Human Brain Project launches ‘Google Earth’ of the brain

Scientists have developed an atlas of the brain which has the potential to improve research, treatment and surgery for conditions including epilepsy and cancer.

As part of the new EBRAINS digital infrastructure of the European Human Brain Project, a team of scientists has developed a microstructure atlas of the brain. The atlas is said to serve as an interface between neuroscience, computing and technology, linking different information about the brain in a spatially precise way.

The European Commission recently approved 150 million Euros for The Human Brain Project until the end of 2023, when the 10-year project is due to end.

The atlas, known as the Jülich-Brain, features close to 250 structurally distinct areas, each based on the analysis of 10 brains. More than 24,000 brain sections were digitised, assembled in 3D and mapped by experts.

Under the microscope, it can be seen that the human brain is not uniformly structured, but divided into clearly distinguishable areas. These differ both in function and in the distribution and density of nerve cells.

Researchers, led by Katrin Amunts, have presented a comprehensive digital map of the brain’s cellular architecture, which is available worldwide via the EBRAINS research infrastructure.

Katrin Amunts, director at the Jülich Research Centre in Germany and Professor at Dusseldorf University, says: “The digital brain atlas will help to interpret the results of neuroimaging studies more accurately. It is becoming the basis for a kind of ‘Google Earth’ of the brain – because the cellular level is the best interface for linking data about very different facets of the brain.

“The idea is that scientists can use the EBRAINS infrastructure in such a way that they can create workflows, ask very complex questions and run different experiments and analyses.

“Together with many partners in this project, we are building EBRAINS as a novel high-tech research infrastructure for the neurosciences,” says Amunts.

The EBRAINS infrastructure has been designed to address both neuroscience and medical questions, with a number of applications for the treatment of neurological conditions.

Amunts says: “it is very clear that that when you want to address medical questions, it’s important to have a basic understanding of how the brain works. We are doing both neuroscience and medical research, but for certain aspects we are moving beyond the basic neuroscience questions.

“We envisage that this atlas will help in a variety of ways. For example, in neurosurgery it will help to prepare better models of the brain of patients undergoing epilepsy surgery or undergoing tumour resection.

“Neurosurgeons need as many constraints and information about the brain as possible before they decide which piece of the tissue to remove and which is better not to touch. A microstructure atlas can help a lot with these kinds of decisions.”

The EBRAINS team has struck up collaborations with a number of researchers across Europe, including a clinical trial in Marseille for patients undergoing epilepsy surgery. The trial aims to develop better models of the brains of patients in order to better predict which parts of the tissue should or should not be removed. Results will be compared to see if there are any benefits for the patient using the EBRAINS model over a classic approach to neurosurgery.

Another application for the EBRAINS atlas is for patients undergoing deep brain stimulation, a method used for patients with Parkinson’s disease, which involves the placement of electrodes in the depths of the brain.

Amunts says: “We observe that some patients benefit significantly from deep brain stimulation surgery. Others benefit but have some side effects, then there are also patients who do not benefit.

“The question is, why this is the case? There are many factors influencing the result of surgery, but one is the localisation of the electrodes.

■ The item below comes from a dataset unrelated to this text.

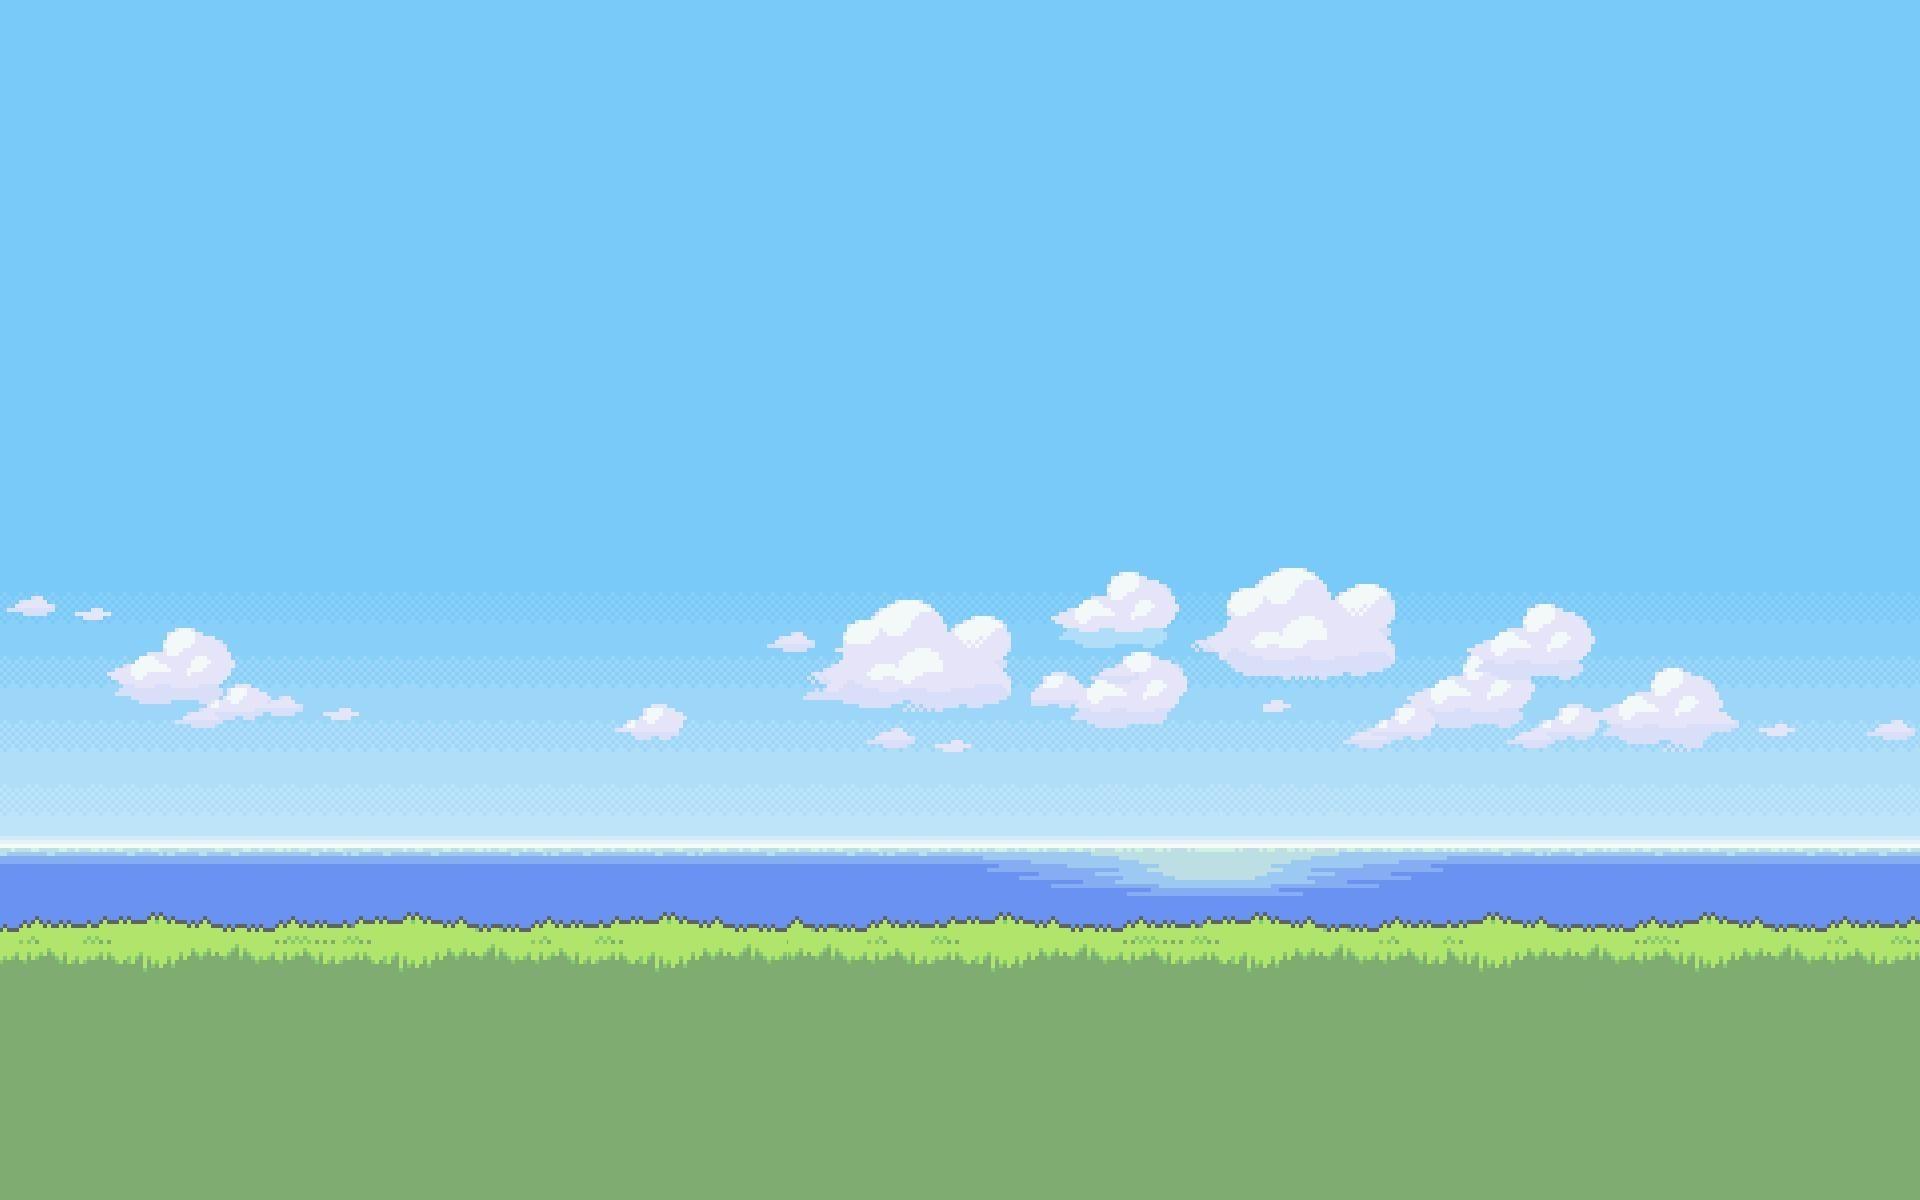 high resolution wallpapers widescreen pokemon ruby version – pokemon ruby  version category

“This goes back to the underlying microstructure of the brain and here, again, we hope that this Atlas brings in more precise information from which surgeons and patients can then benefit.”

The EBRAINS project is encouraging clinicians and neuroscientists to share and exchange their own data via the platform to help medical scientists facilitate their research.

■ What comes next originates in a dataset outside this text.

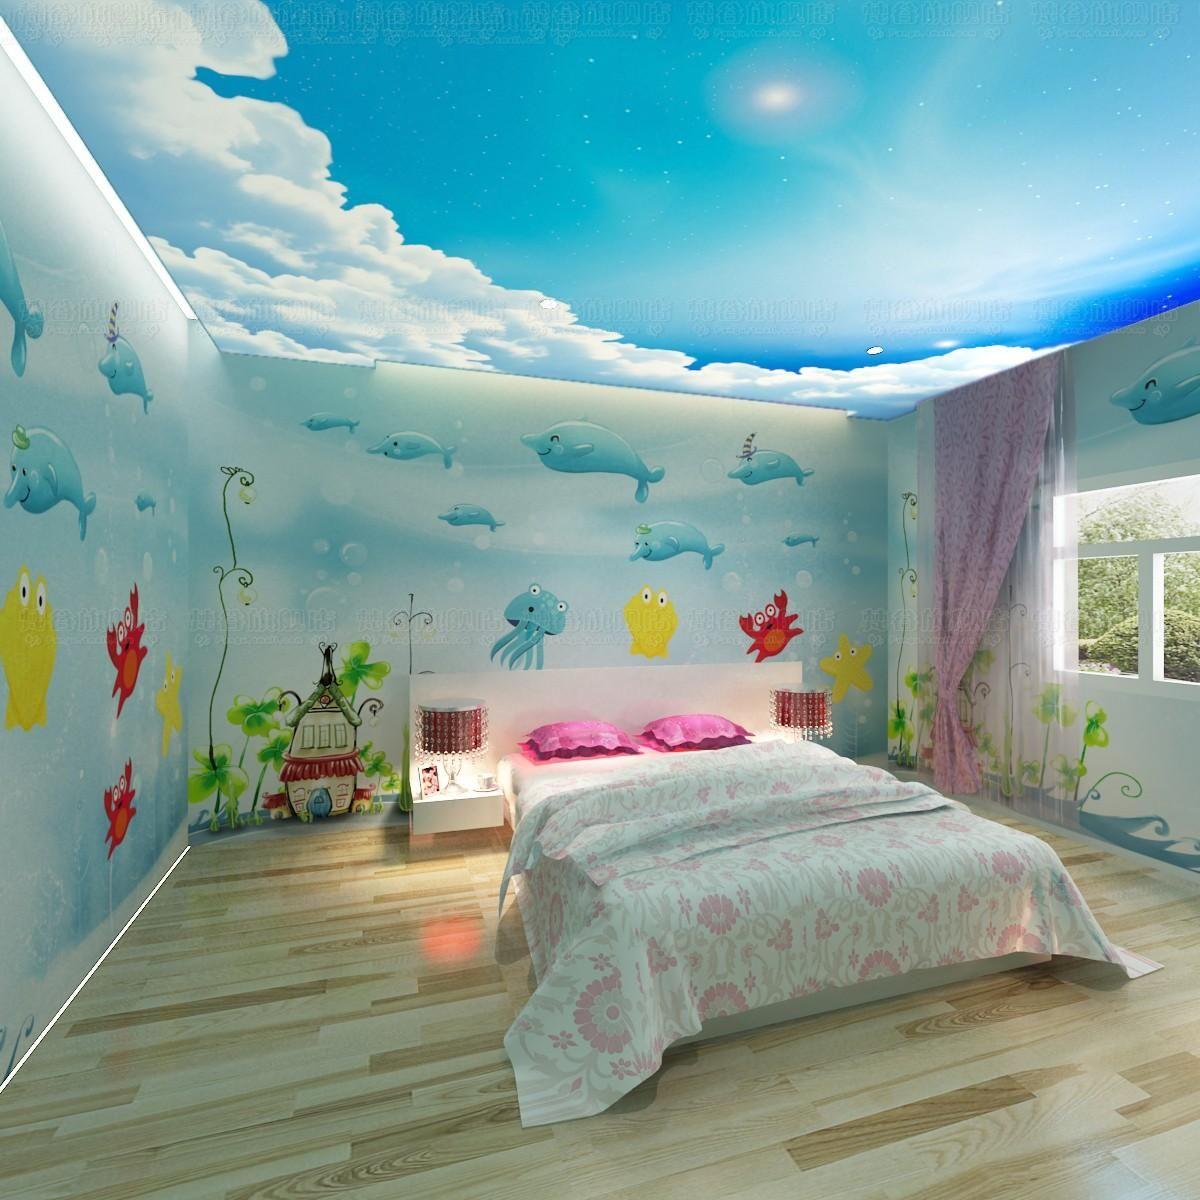 Modern wall murals modern wall coverings - Free Shipping 3d Wallpaper Dolphin Cartoon Child Real Background Wall Paper Bedroom Wall Mural Wallpaper Wallpaper

In the current landscape, these datasets have different formats and can be very fragmented, making it difficult to share and merge data to increase sample sizes. EBRAINS says it has the tools to solve these problems, helping to link data on gene expression, connectivity and functional activity to better understand brain functions and the mechanisms of diseases.

Amunts says: “Often we have colleagues who collect extremely valuable data, but it isn’t very well documented for other people to use.

“EBRAINS provides a platform and infrastructure where such data can be documented and curated so that they can be exchanged with other clinical and neuroscience colleagues.”

This has the potential to be a useful tool for studying rare diseases. A large number of subjects are needed for studying a medical condition, so for most hospitals, it is impossible to obtain the necessary information from such a small sample size.

Amunts says: “if you think about rare diseases, a hospital may see five patients per year. So here, the software allows us to collect information from patients with such diseases and run analyses using AI or other tools and combine the data from various sources.

“The idea is to bring together this body of data from these patients and make it available to other researchers and clinicians.”

Amunts says her team created EBRAINS to be more than a research project, with a long-term vision of making the platform available to scientists beyond the finalisation of the Human Brain Project in three years’ time.

“It is exciting to see how far the combination of brain research and digital technologies has progressed,” says Amunts. “Many of these developments converge in the Jülich -Brain Atlas and on EBRAINS. They help us – and more and more researchers worldwide – to better understand the complex organization of the brain and to jointly uncover how things are connected.”